Wednesday, January 21, 2009

Special Guest Blogger: Richard Lewis.

“I was an up-and-coming professional comedian working in a tough nightclub in Florida. The place was jammed to see the Temptations; certainly not this unknown, opening act comedian with his subtle, Hebraic stylings.

Moments before the show, Jackie Gleason stumbled in with two blondes, and was escorted to a table right in front, just a few feet from where I was about to go on. I didn’t know whether to burst out of my skin in excitement or quit right then and there. For what seemed an eternity, I thought back and recalled vividly just how much impact this colossal talent now wending his way through the crowd to cheers and applause had actually had on my psyche as a small boy. How would I ever be able to suck it up, and actually be able to entertain him, this comedy god? Impossible.

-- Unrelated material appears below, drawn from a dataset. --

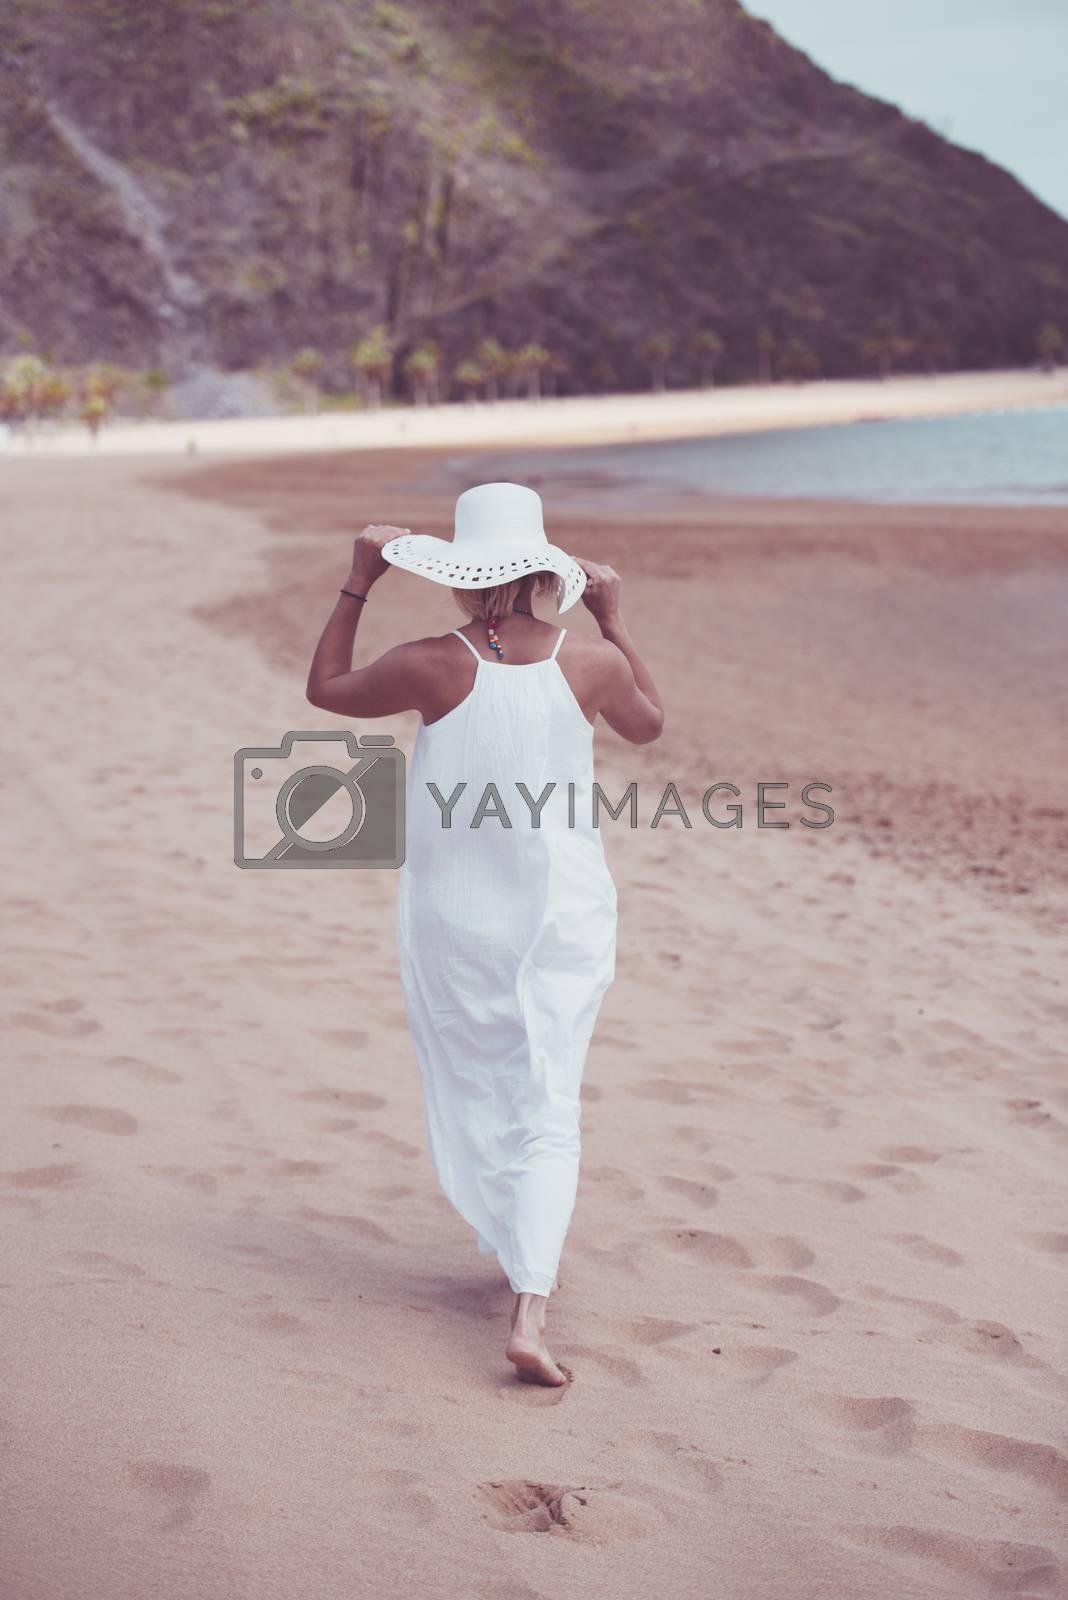 Model in white dress and hat enjoying walk on sandy beach

No one in the sold-out room seemed to matter. It was just me and Jackie, and I didn’t stand a chance. How I felt about me depended now completely on how he felt about me, just as it had depended on how other authority figures felt about me. I hadn’t yet developed enough confidence to really command the stage, and I was a jellyfish inside when the manager shoved me back to life and barked, ‘You’re on!’

I bombed so fast and decisively I probably made a whole host of legendary dead comics turn over and heckle me from their graves. Almost as if my performance dramatized how little I thought I deserved his recognition. My funny bone just vanished.

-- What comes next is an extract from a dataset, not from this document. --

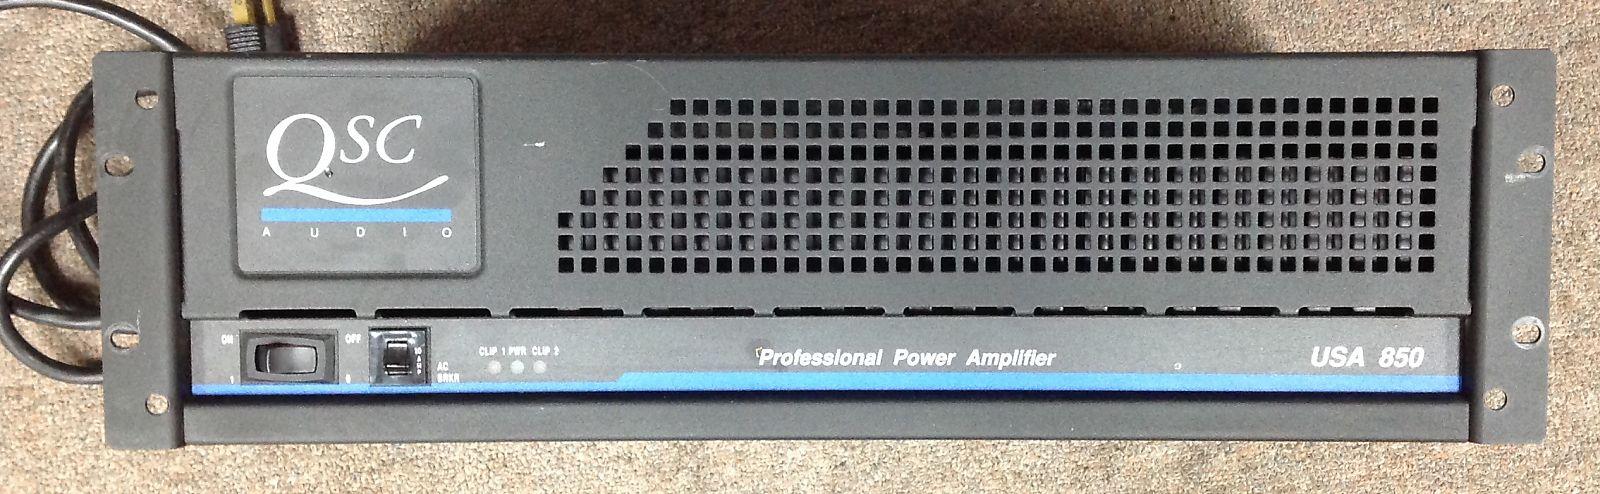 Qsc Usa 850 Professional Power Amplifier Amplifiers

Then, to make matters worse, for whatever reasons swirling inside Mr. Gleason’s head that night, he thought it appropriate to come up on stage. Rod Serling couldn’t have scripted a more surreal, torturous moment for a relatively new comedian in the business. The place went wild, but of course not one shred of the excitement was for me.

Here was the icon who had provided so much strength as I floundered in the midst of a family that provided more questions than answers. Here was the guy who gave us our weekly dose of togetherness. Now he was taking away my stage, and in effect making it impossible to get the crowd on my side.

And I never did. In fact, it felt like an eternity for me. Gleason finally left the stage and took his seat to booming adulation, and left me out to dry.

God knows Gleason’s legendary drinking might have led to his behavior. Curiously, at one point I considered giving him a huge benefit of the doubt, that he was actually trying to help me. You know, famous comedian giving young comedian some credibility by joining him on stage. But I soon had no doubt that he wasn’t too concerned with how I went over. The first words he cockily spoke into the mic during this ‘Twilight Zone’ comedic nightmare, in his ever-familiar, grandiose fashion were ‘Here’s how you do it, my boy.’

Somehow I had to think that somewhere down deep he knew that what he’d done to that young comic was pretty rotten. What he did sucked.”